Wednesday, August 13, 2008

Memory Day: Sweaty Lightweights

Back in my high school Crew days, I was the coxswain for the Lightweight boat. As in most weight-restricted sports, the Lightweight bracket started out as a way for Lilliputians to compete against each other, but ended up as a just another abusable system where coaches tried to stack the fat without exceeding the upper limit.

On the men's Lightweight boat, there were two weight restrictions: no single rower could be over 145 pounds, and the entire boat's average had to be less than 140. In our case, we regularly had two rowers near the 145-mark, with our bell curve average softened by Ian Schmidt's 132 pound frame. Coxswains are not allowed to be included in the average, because fat coxswains don't steer any differently from skinny ones (although my 108 pound self would have been a boon). Female lightweights had it even worse, with a maximum limit of 120 pounds (as if teenage girls aren't already obsessing enough about their weight).

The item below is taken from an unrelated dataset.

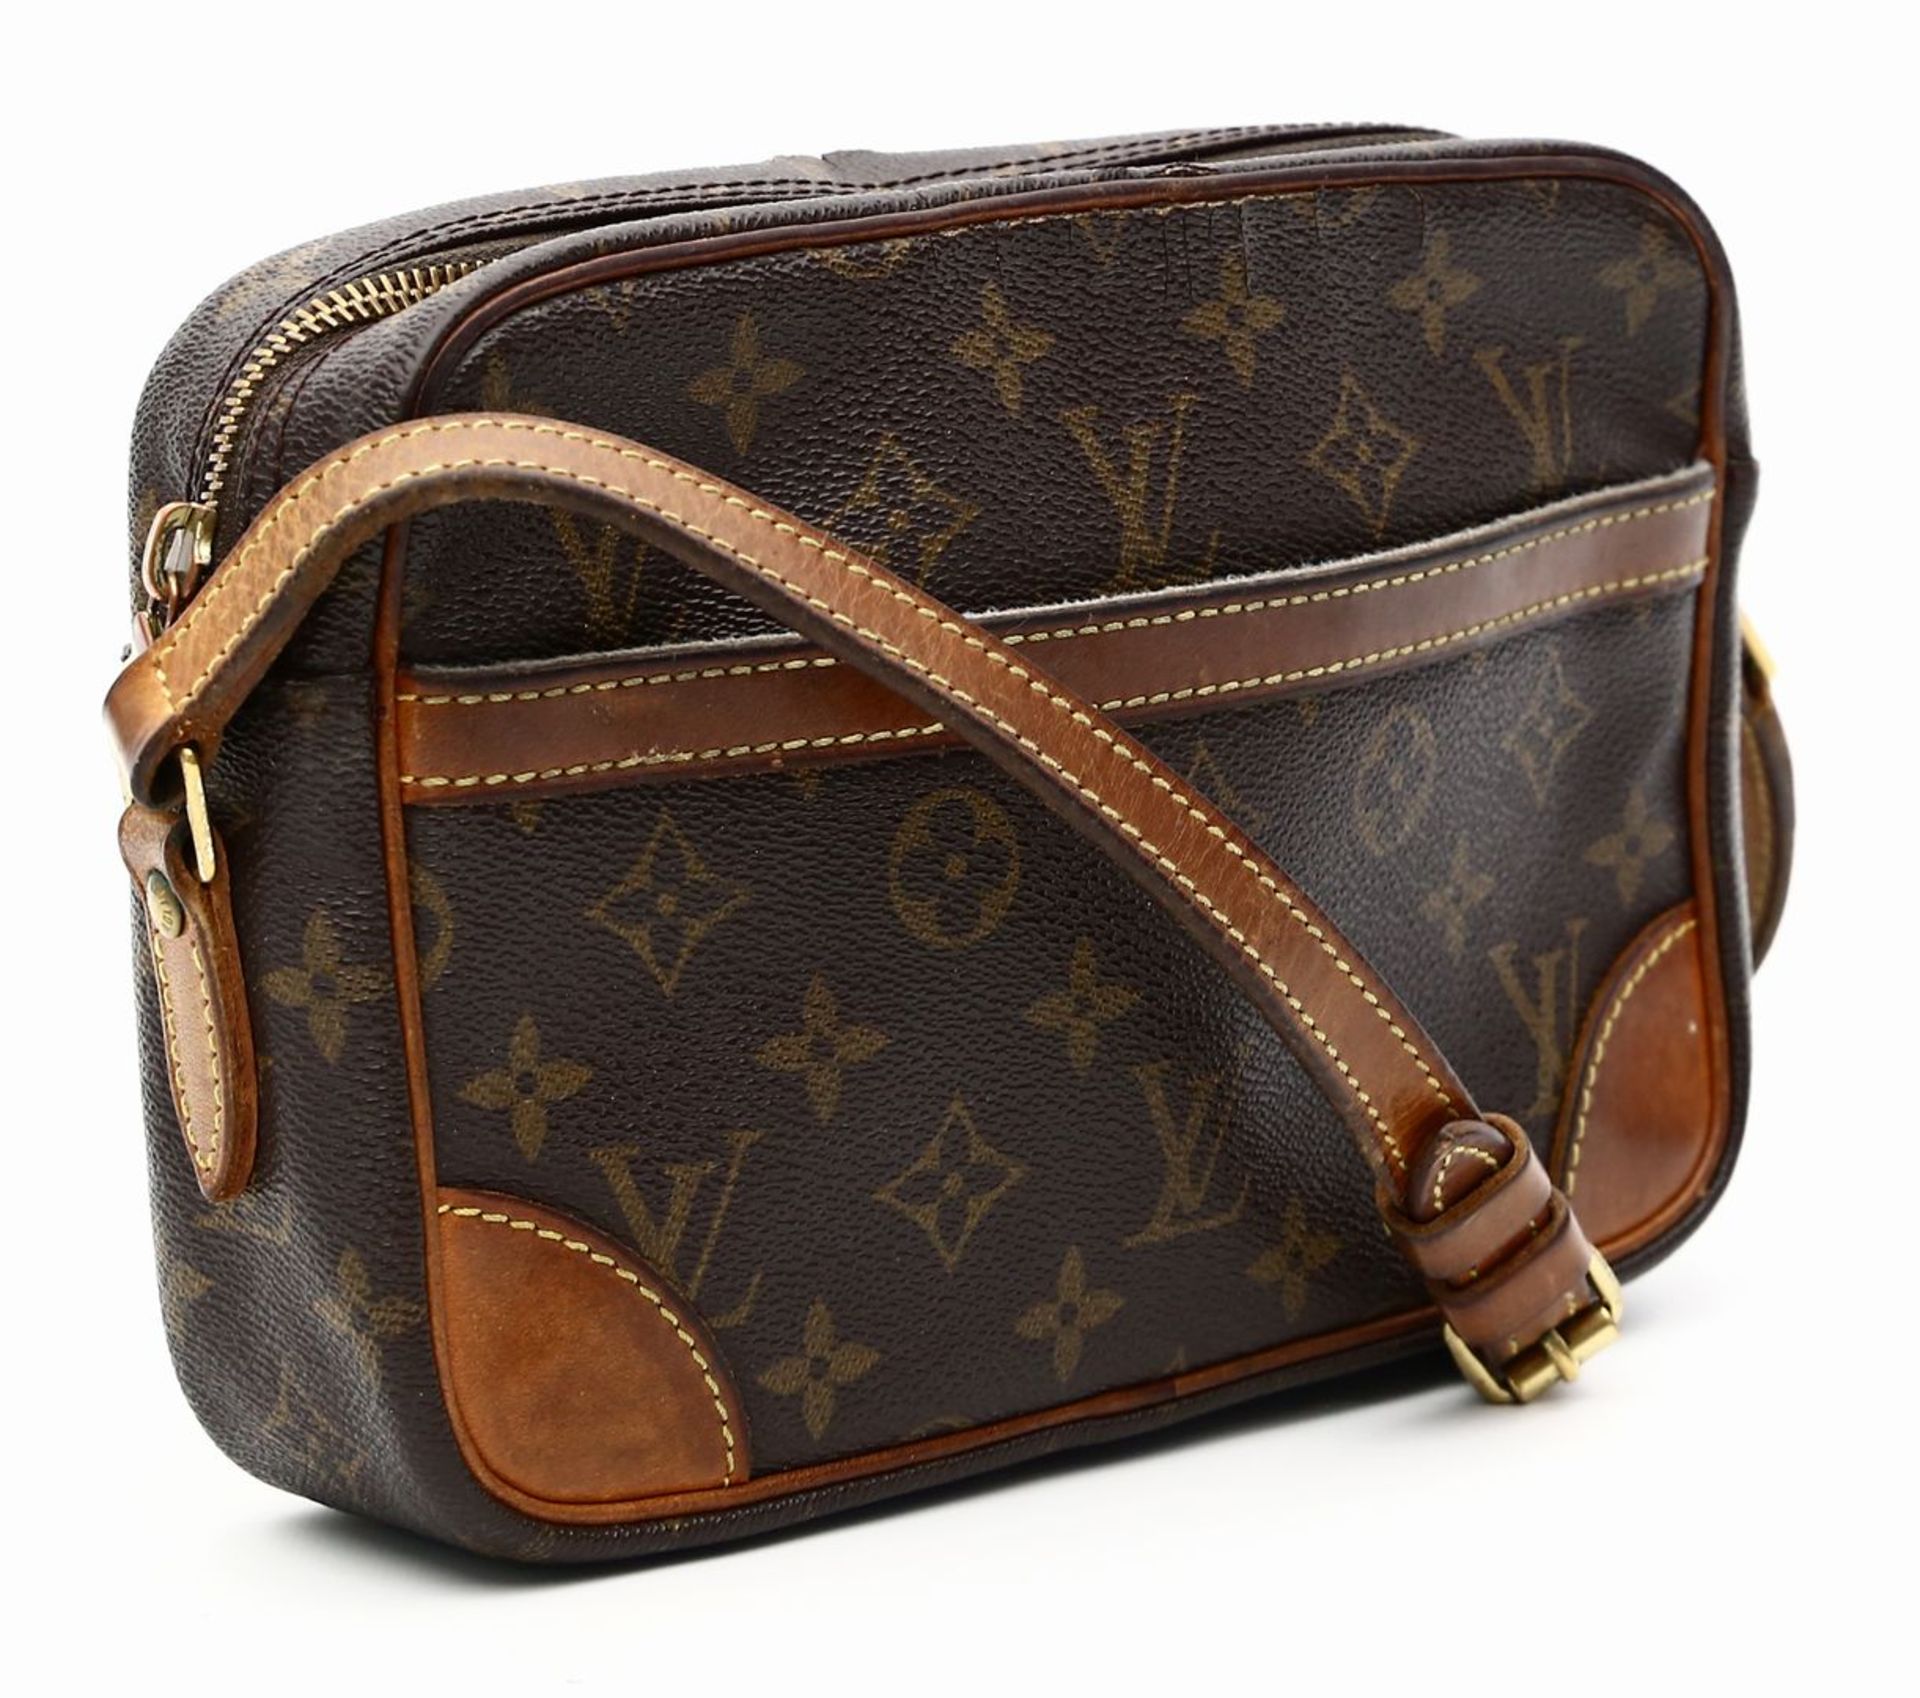 Crossbody bag "Trocadero 24", Louis Vuitton. - Bild 2 aus 2

Besides the usual effective tactics of employing various eating disorders for profit, there were a few other common ways to get your weight down for the pre-race weigh-in, where hundreds of emaciated Lightweights gathered around a cattle scale to hear the Decree of the Fat. A quick hit of laxatives generally did the trick, although this could backfire during the race itself. Another option was sweat runs, where people would put on as many layers of clothing as possible (sometimes including a layer of garbage bags) and then run a couple miles around the weigh station. On the girls' side, every third or fourth rower in line to be weighed could be seen spitting in a cup, as if the weight of the saliva would have anything more than a placebo effect.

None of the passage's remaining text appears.